Ésta es la sensación que nos produjo el ataque terrorista contra las Torres Gemelas. Cientos de millones de personas de todo el mundo contemplaron en directo, a través de las pantallas de sus televisores, aquel drama inigualable que adquiría, por momentos, tonos y representaciones del mejor y más increíble de los guiones de Hollywood. ¿Cabe mayor metáfora de la globalización de la información, de la globalización de la economía, de la globalización del poder, de la guerra y la paz, del terrorismo y el miedo, que los sucesos del 11-S?

Algunos se preocupan, con harta razón, por las tendencias autoritarias que, como consecuencia de eso, se aprecian hoy en las democracias más viejas del mundo, atemorizados sus ciudadanos por la lábil e insidiosa amenaza del terrorismo. Aumenta la autocensura en los medios de comunicación, cuando no la censura a secas, administrada por los gobiernos. Nos hallamos ante una opción difícil entre los elementos de seguridad y libertad que las poblaciones demandan, un equilibrio siempre inestable en cualquier democracia, que ahora inclina su balanza a favor de la seguridad, porque las gentes han sufrido y sufren un ataque indiscriminado y letal. ¿Dónde está, sin embargo, la línea sutil que separa la propaganda del deber de informar, la sumisión al poder legítimo en tiempos de crisis, del derecho a la libre expresión? Ésta es la hora de la reflexión y la autocrítica, más que la de las acusaciones, y me gustaría que la efemérides que hoy conmemoramos sirva a este propósito.

A la hora de escribir para este suplemento, pude haber sucumbido a la tentación de contar mi particular batallita sobre la historia de un diario del que nos sentimos, creo que legítimamente, muy orgullosos. He preferido, no obstante, bucear un poco en el devenir general de la prensa, convencido de que en los orígenes de nuestra profesión está también inscrito su destino.
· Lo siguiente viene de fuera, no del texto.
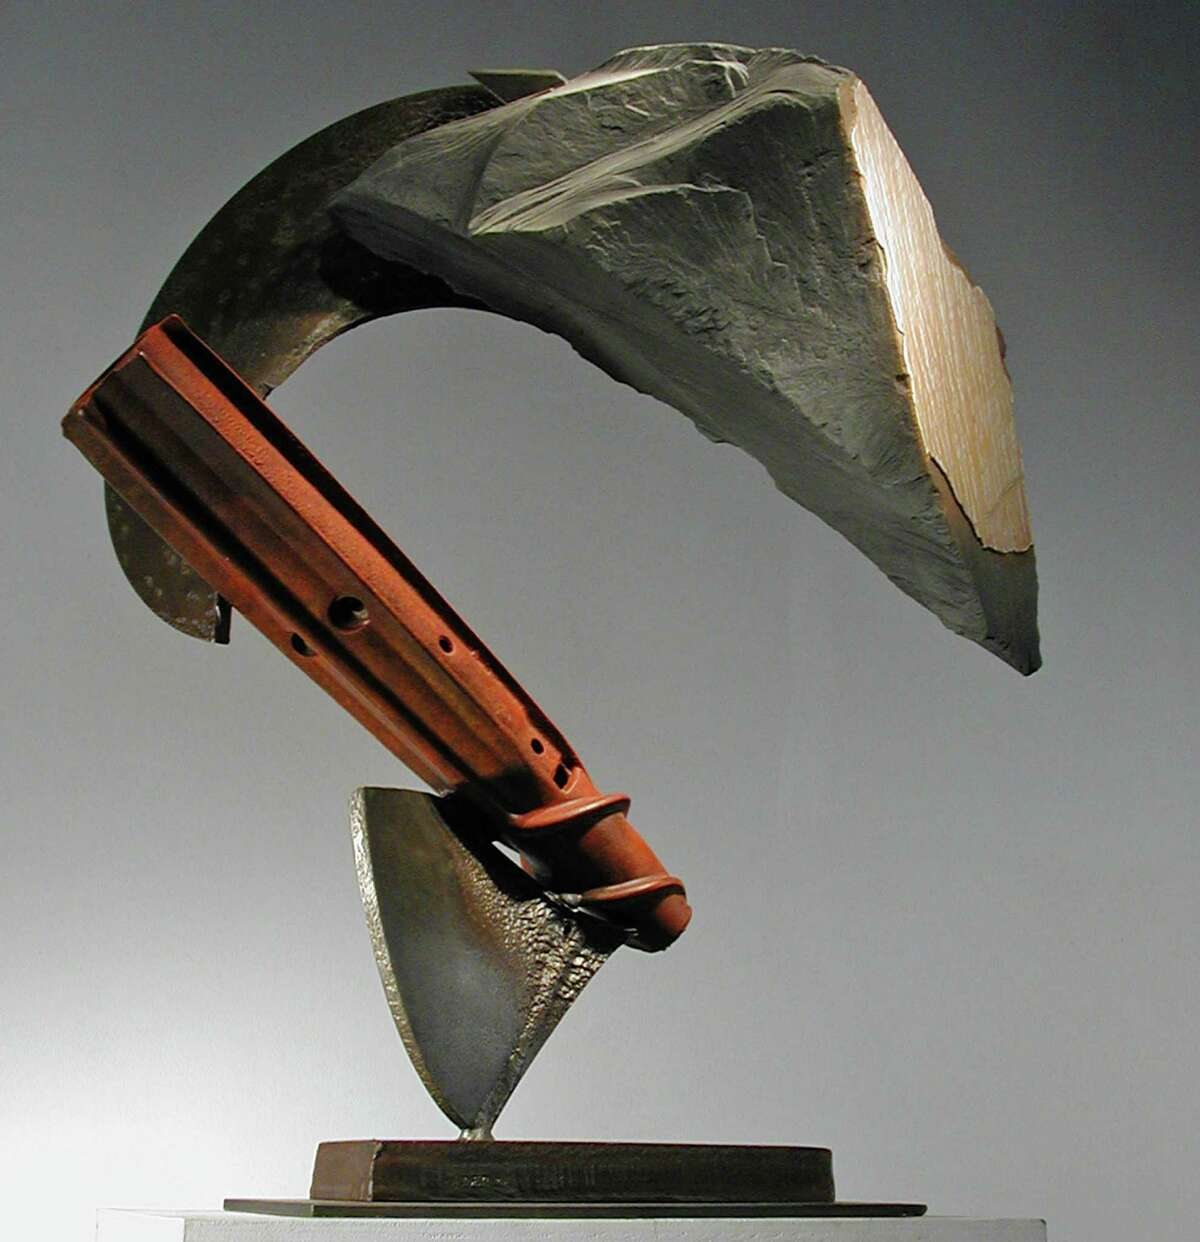 John Van Alstine's Auger '05, 2005, slate, pigmented and sealed steel, 34

Coincide esta conmemoración del número 10.000 de EL PAÍS con un interesante momento de cambio en la sociedad. A mi modo de ver, no sólo se trata de la alternancia política, sino de un relevo generacional que nos trae culturas, valores y comportamientos nuevos, confrontados a diario con las formas de hacer y gobernar del antiguo régimen. Espero y deseo que nuestro periódico permanezca atento a estas mutaciones y que sus redactores se esfuercen en comprenderlas y asumirlas de la forma dialéctica y crítica que siempre les ha caracterizado. Por lo demás, si me he entretenido en estos apuntes es porque una mirada al pasado de nuestra profesión puede ayudar sobremanera a describir su futuro. Descubriremos, así, cómo será el periodismo en los tiempos del cólera.